These agreements changed the status quo that had existed since Mamluk times when Jews and Christians were prohibited from ascending the Temple Mount, and the area of the Western Wall belonged to the Waqf, not the Jews. But the truly groundbreaking development was the role given to the Jewish state in protecting the mosques, as recognized by an important Muslim institution such as the Islamic Waqf. Furthermore, in the subsequent peace agreements with Jordan, the Hashemite king, who is descended from the Prophet Muhammad, obtained legitimacy from the Jewish state and was given a special status in the final arrangements on the Temple Mount.

The problem was that Israel failed to understand the importance of these status quo arrangements for its legitimacy in the Muslim world as a whole and took lightly the anchor of stability in Jerusalem that these status quo arrangements provided in the years to come.

The fact that 40% of Jerusalem’s inhabitants are Arabs, and the danger that, God forbid, an Intifada erupts in Jerusalem, could shake not only the capital but all of Israel, was not taken into account in Israeli politics. Israeli politicians, without a government decision, began to erode the all-important status quo, to give a Jewish religious character more prominence than Islam, as part of a messianic drive to build the Third Temple and break into the mosques with the ashes of the red heifer. Six red heifers have already been brought into the country and are awaiting their historic role in a cattle shed in Shilo.

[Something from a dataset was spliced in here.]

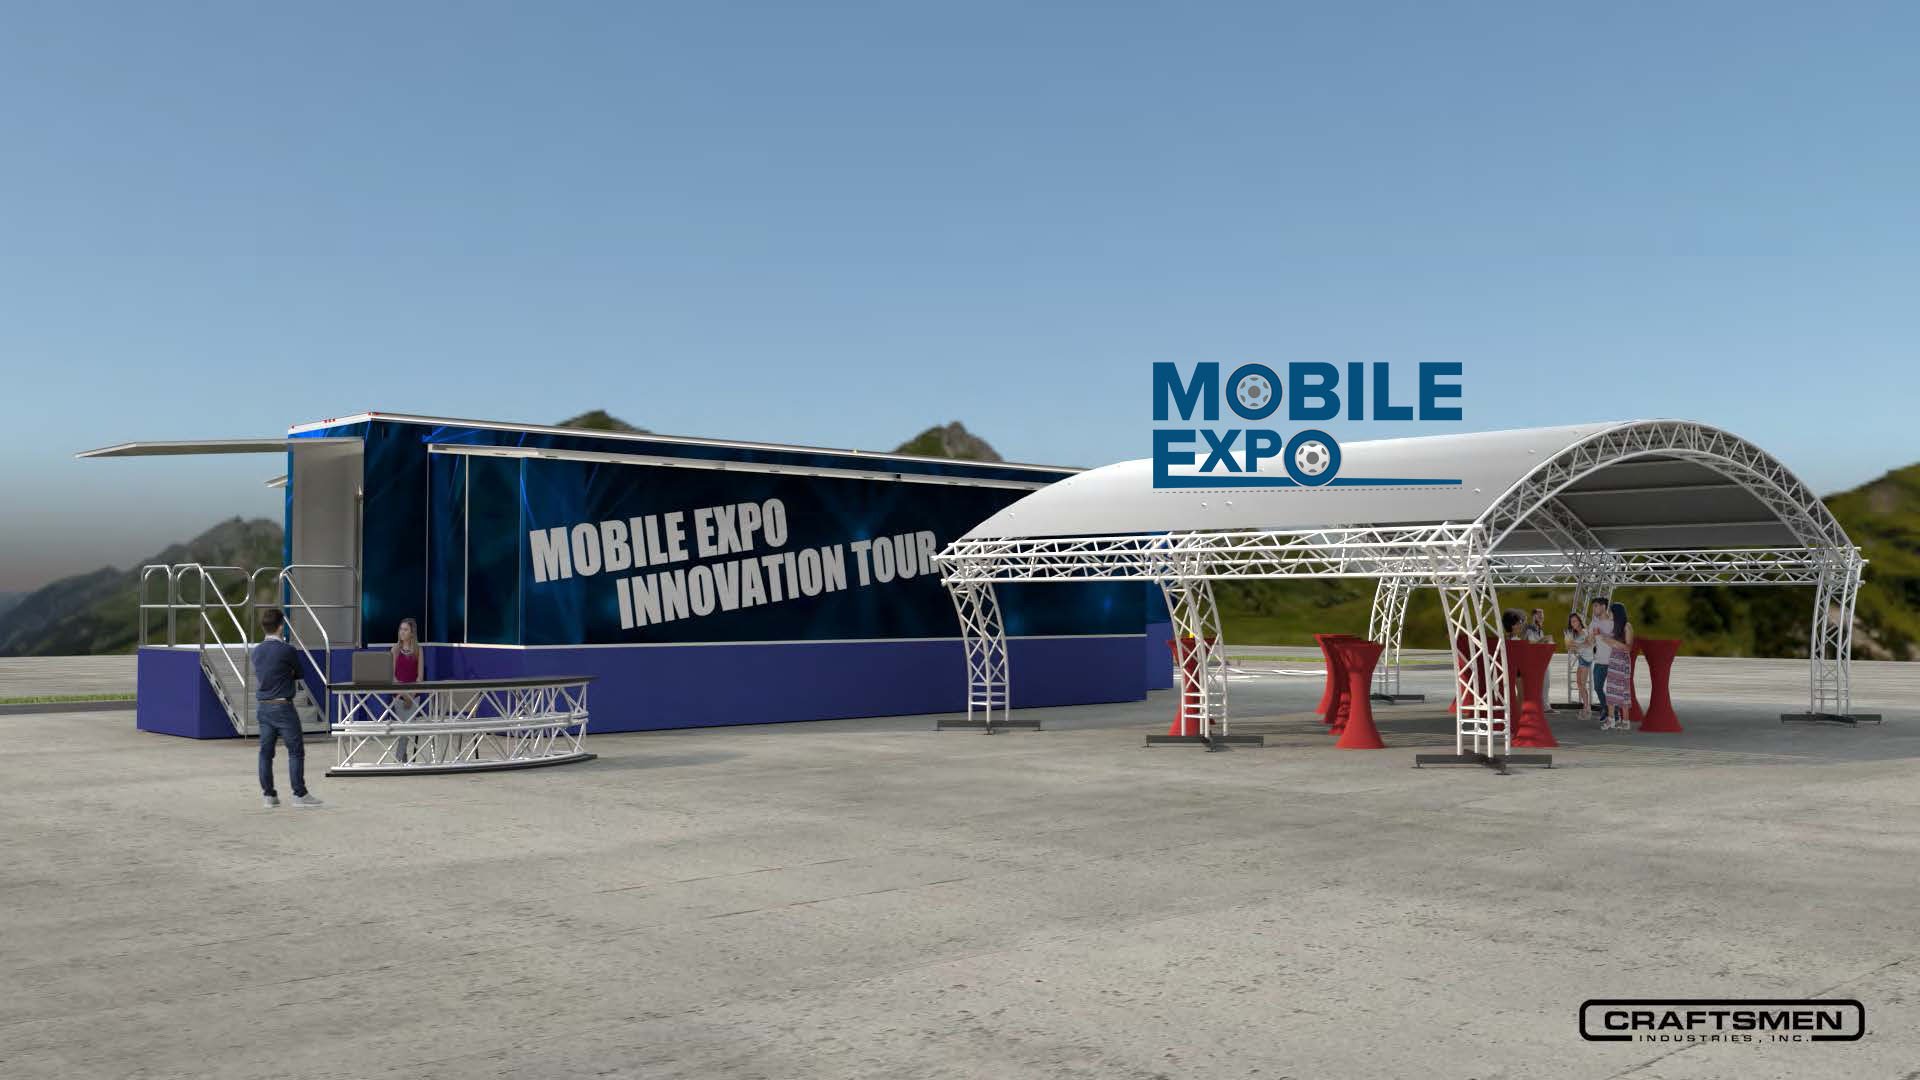 Mobile Expo Tour Trailer Exterior Footprint-w-logo2

This danger cannot be taken lightly. Whoever invested so much money in nurturing these heifers and bringing them to the country intends to break into the mosques. Just as strategic moves to erode the status quo were made without a government decision, but rather due to political pressures, an eschatological event such as a Jewish incursion into the mosques will also not be the result of a state decision but rather a decision made by Third Temple advocates.

In addition to the catastrophic consequences for Jerusalem’s stability and for Israel as a whole, this development would have disastrous implications for relations with Jordan. Not only would Jordan no longer be able to defend Israel, there would be nothing to prevent Iran from taking over Jordan, thereby completing the Shiite crescent and undermining the US policy of establishing an Israeli–Sunni alliance against the Shiite crescent, as seen in action for the first time in thwarting the Iranian attack on Israel.

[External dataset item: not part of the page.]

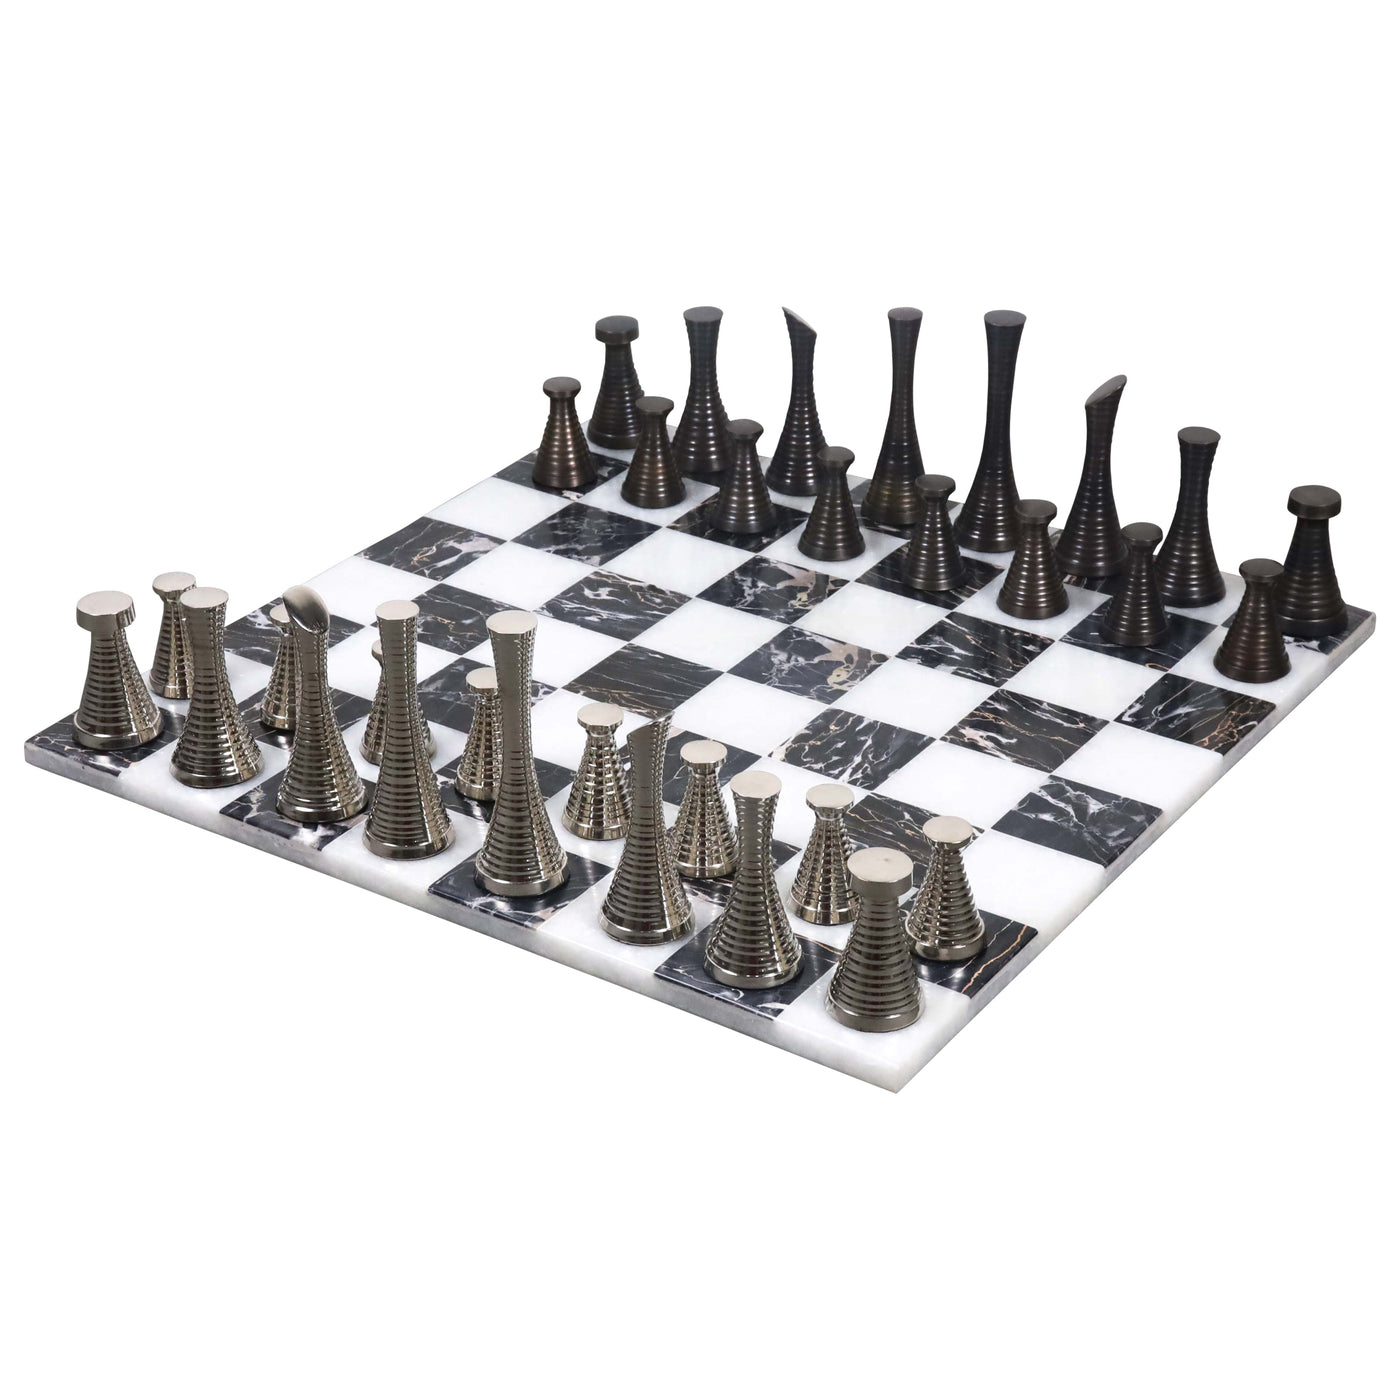 Brass Chess Set combo of 3.9" Modern Chess Pieces

What is even more disheartening is Israel’s inability to understand the unique role that history has bestowed upon it regarding the Temple Mount. Due to intra-Arab disputes, only one force can protect the mosques, and that is the security forces of the Jewish state.

To understand this, we need to analyze the Arab disputes over Jerusalem. After the Saudi dynasty removed the Hashemites from their role as the Sharifs of Mecca following World War I, Abdullah I, one of Sharif Ali’s sons, established the Emirate of Transjordan, which eventually became the Kingdom of Jordan. The Hashemites crowned themselves as guardians of the Holy Places in Jerusalem as compensation for losing Mecca and the guardianship that passed to the Saudis.

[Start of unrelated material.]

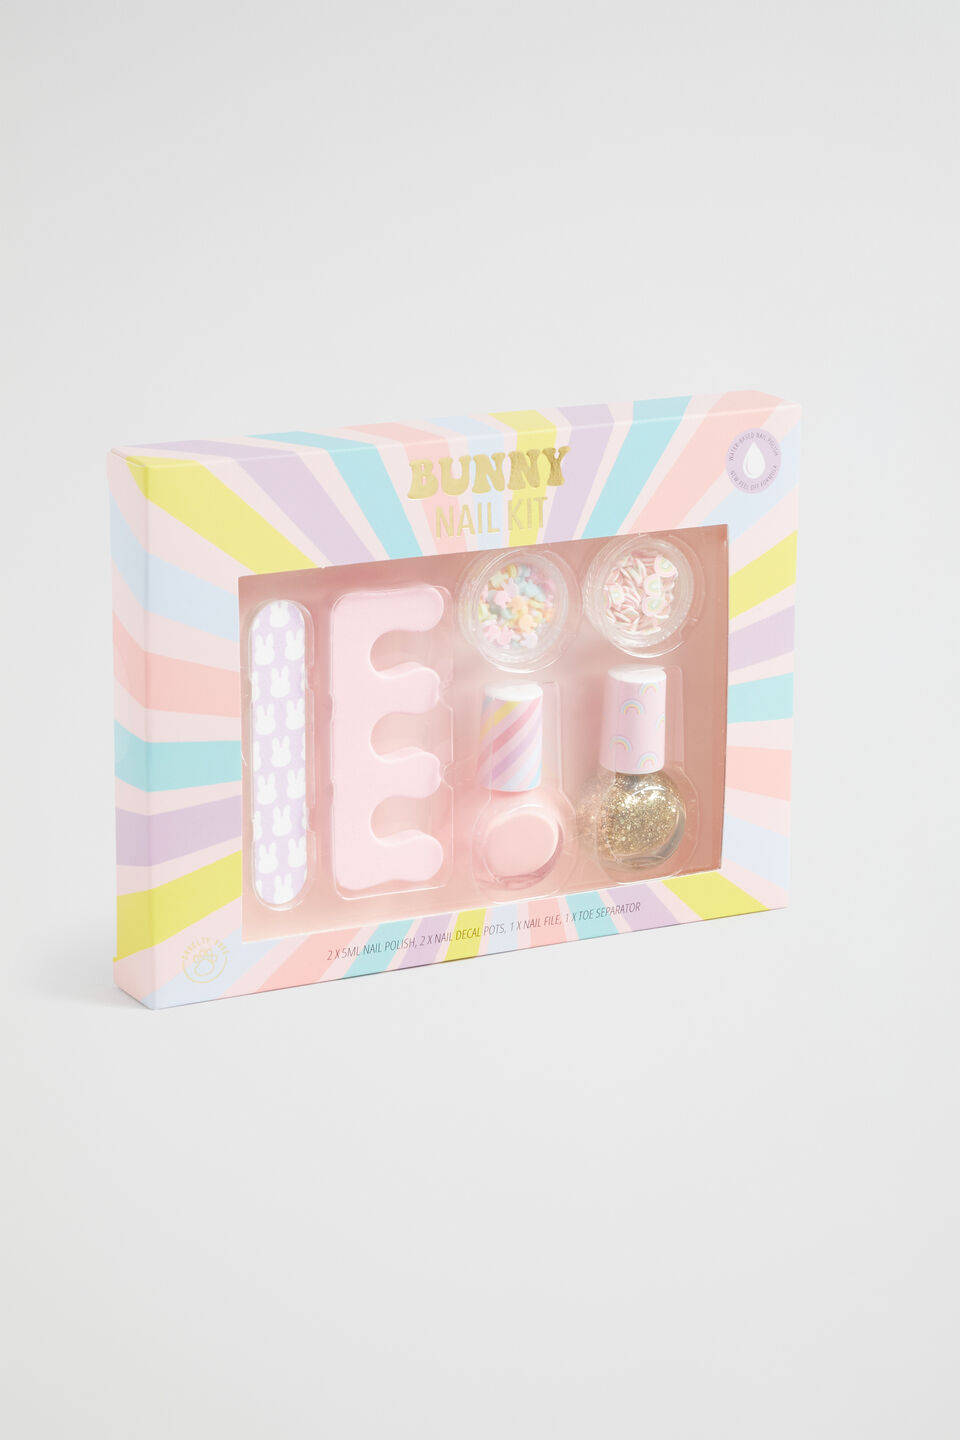 Bunny Rainbow Nail Kit  Multi

One would have thought that the two dynasties could share responsibility for the Holy Places—the Saudis in Mecca, and the Hashemites in Jerusalem. But events did not unfold in that way. To realize the potential divisions, the Saudis offered the Hashemites compensation for the vast property they left in the Hejaz, as a sign that they had relinquished Mecca. However, the Hashemites refused to accept the compensation, and as far as the Saudis were concerned, this meant that they had not relinquished their claim, and would return to their place of origin at the first opportunity. Indeed, Saudi fears were realized when Saddam Hussein planned to invade Kuwait. Suddenly, King Hussein claimed the old title of “Sharif” from Mecca and formed an alliance with Saddam Hussein to attack the Arabian Peninsula. Saudi Arabia had every reason to believe that Saddam Hussein had promised to return the Hashemite King to Mecca.

While Jordan played a strategic role in defending Israel from threats from the east, Saudi Arabia saw Jordan as a threat from the north and acted accordingly. First, it was extremely reluctant to provide aid to Jordan, to the point of completely cutting it off, which has strained the Jordanian economy to this day. Second, Saudi Arabia penetrated the Bedouin tribes in southern Jordan, spreading the Wahhabi school among them, which is the state religion in Saudi Arabia. This was done to counter the influence of the Muslim Brotherhood, longstanding allies of the Hashemites, and to challenge the notion that the al-Aqsa Mosque mentioned in the Qur’an refers to the mosque in Jerusalem, but rather a mosque near Mecca, or in the heavens.

And here we move onto the most relevant issue in Muslim politics today—what happened at the beginning of Islam.

During the early days of Islam, Jerusalem held no religious significance. It was not even called al-Quds, but rather Iliya, the Byzantine name for Jerusalem. Immediately after the conquest of Iliya by Caliph Umar ibn al-Khattab, he offered a letter of commitment to the Byzantine archbishop of the city, pledging to preserve its Christian character.

When did Jerusalem gain its religious significance? It was during the reign of the Umayyad dynasty, which was based in Damascus. The Umayyads faced a challenge from the sons of the Prophet’s companions, the founding generation of Islam, who established a rival caliphate in Mecca. To counter this, the Umayyads needed an alternative to Mecca—and they found it on the Temple Mount. They declared the plaza of the Temple Mount to be the site of the al-Aqsa Mosque. The first Umayyad Caliph, Muawiyah bin Abi Sufyan, crowned himself Caliph at this site, and the al-Aqsa Mosque, situated at the southern end of the plaza, and the ornate Dome of the Rock at the presumed site of the Temple, were built by Caliph Abd al-Malik bin Marwan in the 8th century. When examining the layout of the compound, it is hard not to compare it to the courtyard of the Kaaba. The “Rock” of the Jerusalem compound parallels the Black Stone in Mecca, which is set into the Kaaba, and keen eyes can discern a small black stone embedded in Jerusalem’s Rock, i.e., completing the parallel to Mecca with the “black” motif. Just as the Great Mosque, “al-Masjid al-Haram,” is located south of the Kaaba, the Great Mosque, which is the al-Aqsa Mosque, is situated south of the Dome of the Rock (the “Kaaba” of Jerusalem).

Despite the fact that, from an Islamic perspective, the southern “qibli” mosque is primary, the Dome of the Rock was considered central from the perspective of the Umayyad planners. It was the competitor to the Kaaba, and this is reflected in the dome’s unique beauty in comparison to the al-Aqsa Mosque. One can also observe that the plaza around the dome was constructed in a way that would facilitate tawaf, circumambulations, similar to those around the Kaaba.

But the Umayyad dynasty did not last long. The Abbasid caliphate that followed was based in Baghdad, making Jerusalem and its mosques peripheral. Mecca no longer faced any competition until the appearance of the Hashemites in Jerusalem, reviving the competition between Mecca and Jerusalem as they continued the Umayyad tradition. In terms of the competition for Jerusalem within Islam, only Israel has the capability of protecting the mosques, and the question remains whether the Jewish state can understand the magnitude of the role that history has played in its path, or if we will lose that too—or worse.